Upcoming Exhibition

Jan Yates, Michelle Teitsma, Gordon Leverton, Jefferson Campbell Cooper
Artists concerned, informed and moved by the Greenbelt Legislation in Southern Ontario
February 4 – March 25, 2012
Opening Reception: Sunday February 5th from 2 - 4pm

Intended to preserve agricultural land from development, the Ontario greenbelt legislation has had the additional effect of depriving many farmers of control over their land and activities and of the potential to turn their land into a reasonable retirement income. The artists in the Greenbelt Collective all live in areas affected by the legislation and through their works they address the complex and contentious issues created by the legislation. The artists are using their works and research to create a better understanding in the community of the effect of the legislation on rural individuals. In their joint statement the artists of the Greenbelt Collective say:
The Greenbelt Legislation protects almost two million acres, making it the largest policy of its kind in the world. At the start of this project we predicted opposition to the legislation by developers, but we were not prepared for the resistance of farmers and growers to the law and to the constraints it has imposed on their land. In effect, the legislation tells them what they can and can not do with the land that they have farmed, depended on and invested in all their lives or in many cases for several generations.

… we were compelled to investigate further.
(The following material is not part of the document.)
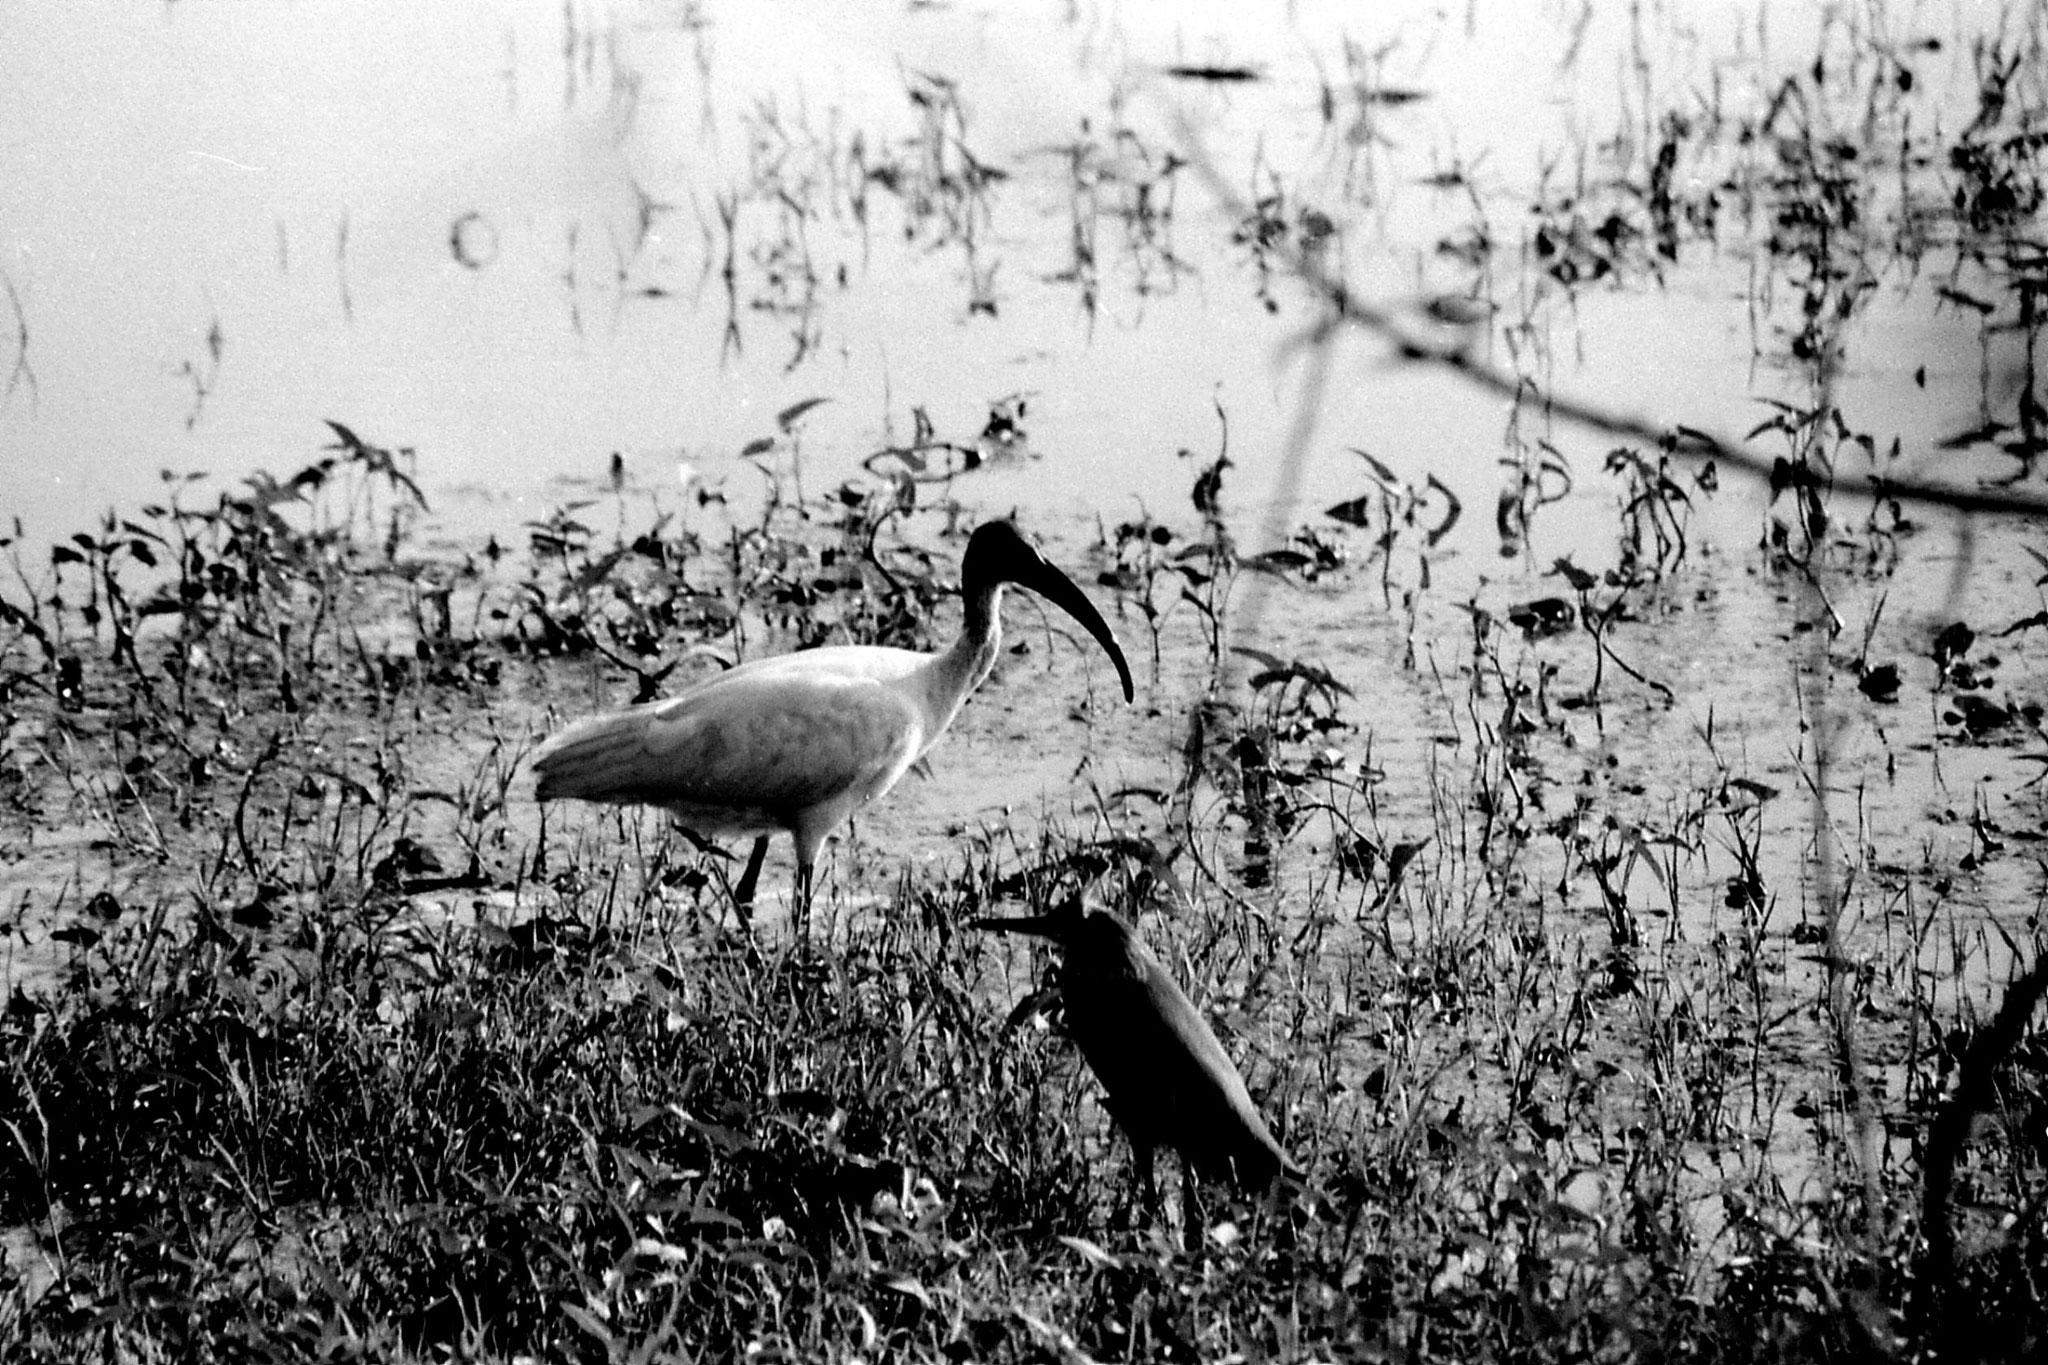 1/4/1990: 26: Bharatpur Ibis and Pond Heron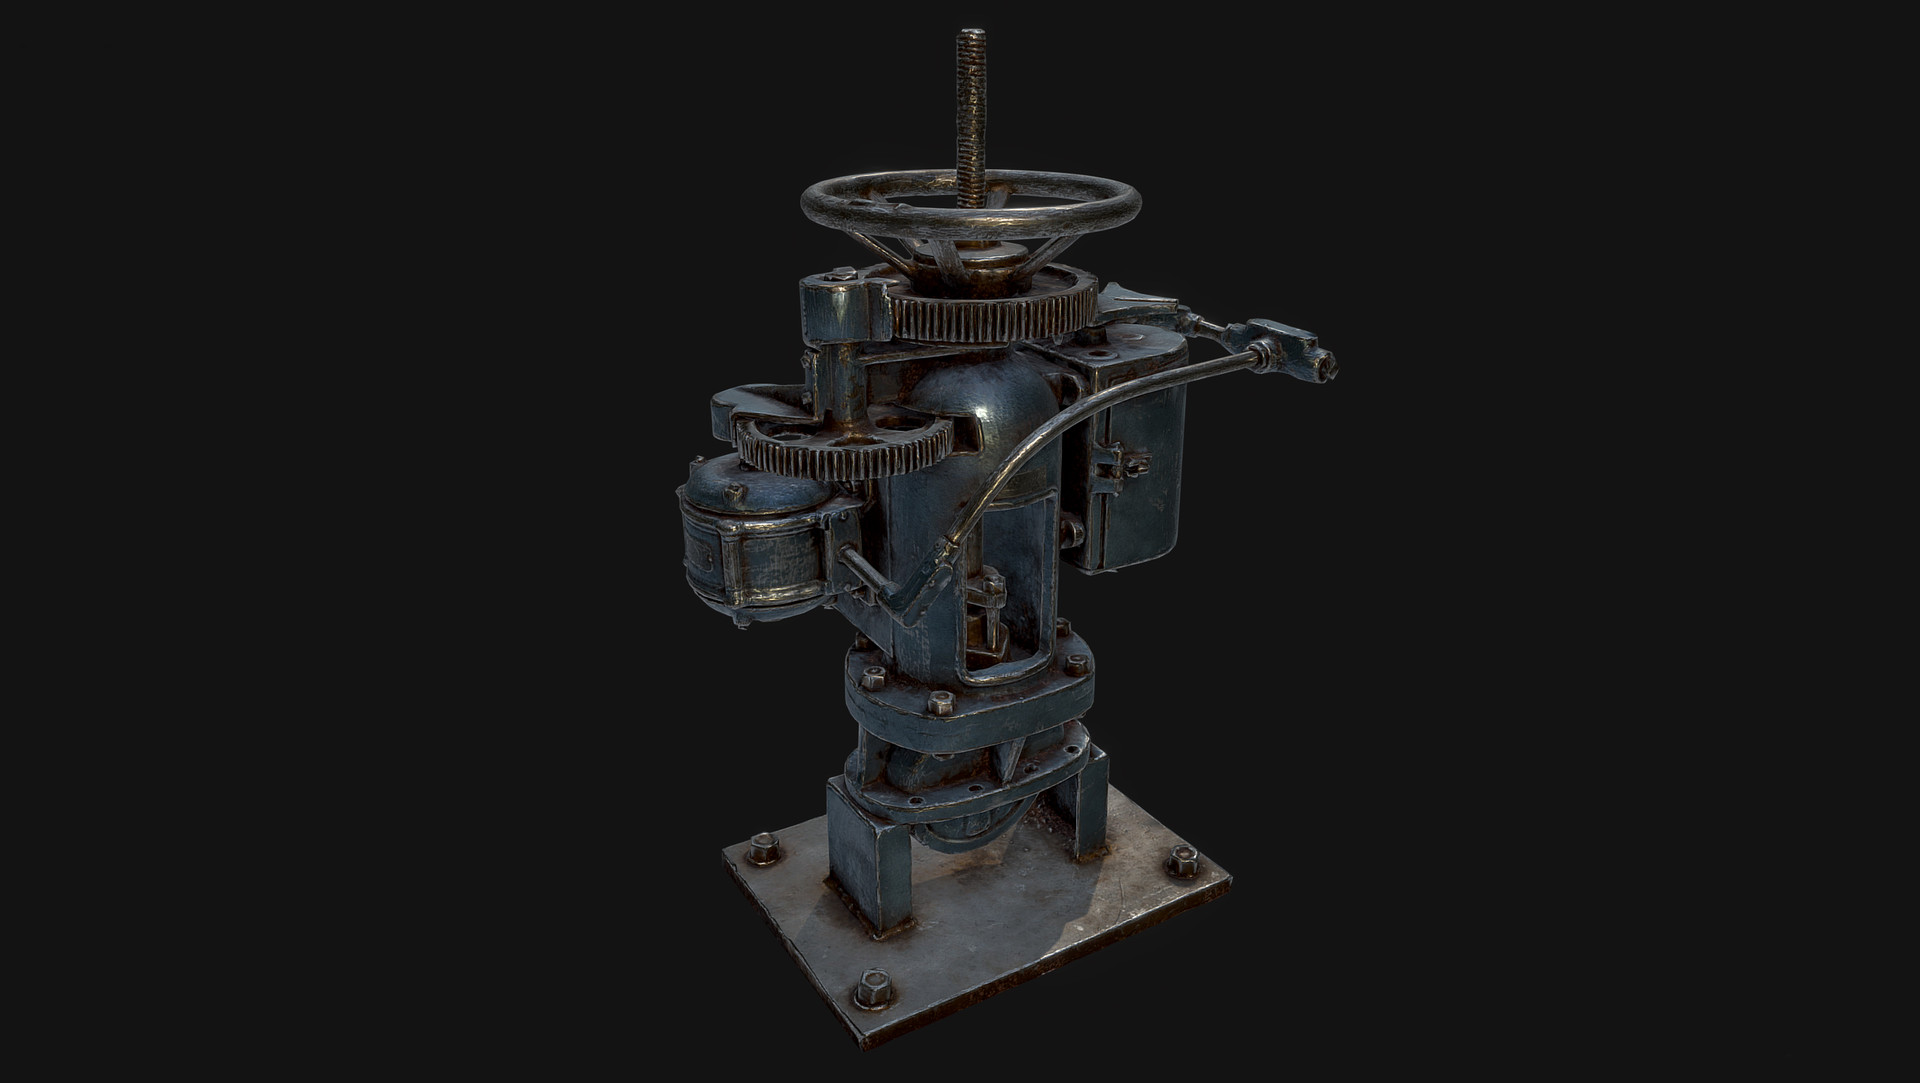 Robert max ramirez valve1

We conducted research by visiting and interviewing landowners, farmers and those in the public sector. In addition, we gathered information and corresponded with many individuals and organizations; including Friends of the Greenbelt, Grape Growers of Ontario, Ontario Greenbelt Alliance and Environmental Defence. We also investigated whether the Greenbelt legislation provided protection for old growth trees, flora, migratory birds and wildlife threatened by urban sprawl.
Initially hailed as the saviour by some of  those working to conserve and protect our natural lands, the Greenbelt legislation has become a source of frustration and anger for others. Our combined body of work challenges preconceptions and presents a diverse and compelling exploration of Ontario's Greenbelt.
This Land is Our Land is part of a series of exhibitions and programs at the GPAG that examine the nature of Niagara in recognitions of the formative role that the War of 1812 had on the region. During the years 2012 -2015 we will be examining the Niagara region in a variety of ways that will help all of us better understand our historic origins, how this history has shaped our present and how it might influence our future.